Exercise prompt: Take the entries below and print, exactly, the stretch from the line containing "Heliumballon in a Box - Für Dich von Herzen" through the line containing "Geberit Option tükrös", both included.

Data provided:
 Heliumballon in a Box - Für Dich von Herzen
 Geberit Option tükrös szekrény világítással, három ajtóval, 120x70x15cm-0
==
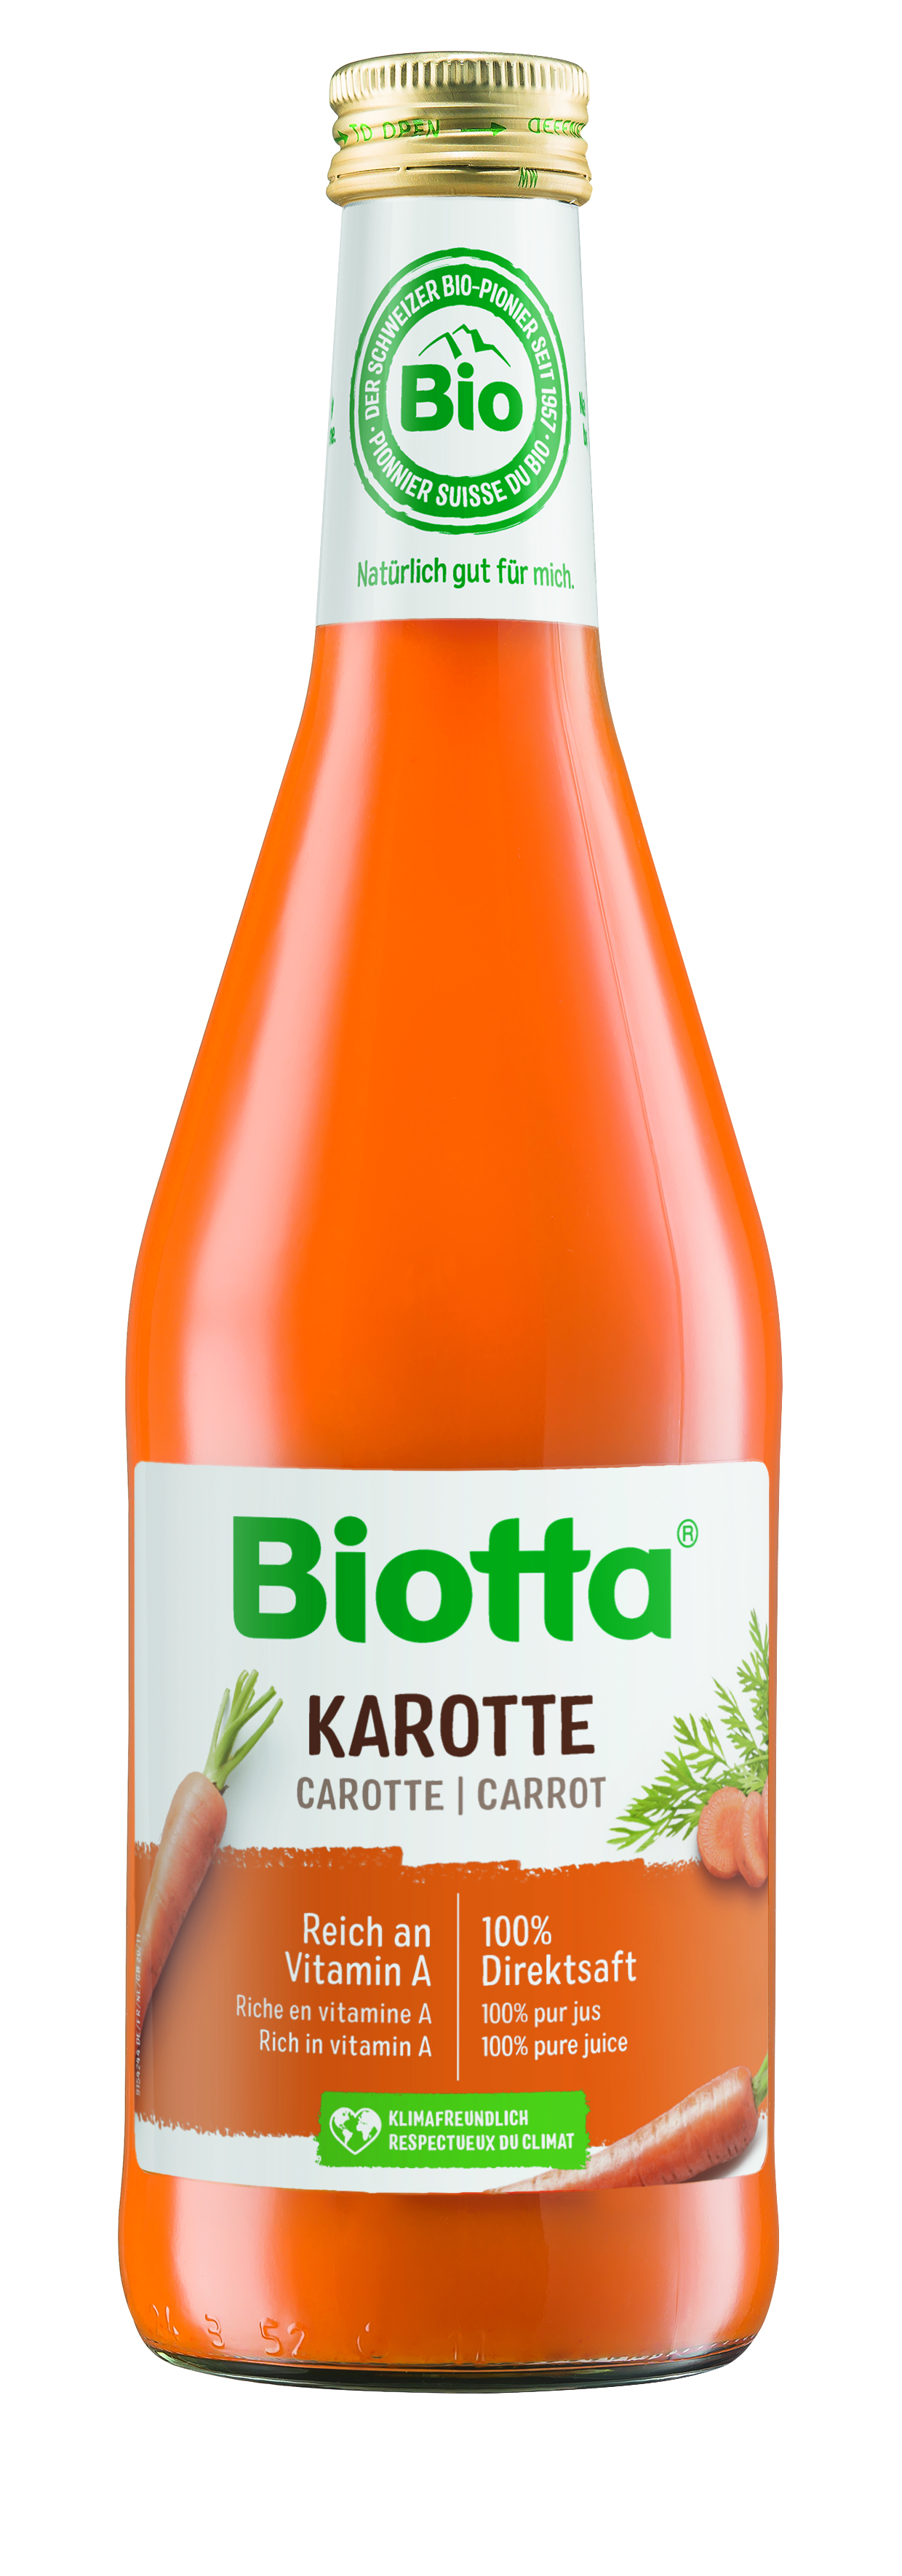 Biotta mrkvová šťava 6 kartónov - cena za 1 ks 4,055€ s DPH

Solution:
 Heliumballon in a Box - Für Dich von Herzen
 Geberit Option tükrös szekrény világítással, három ajtóval, 120x70x15cm-0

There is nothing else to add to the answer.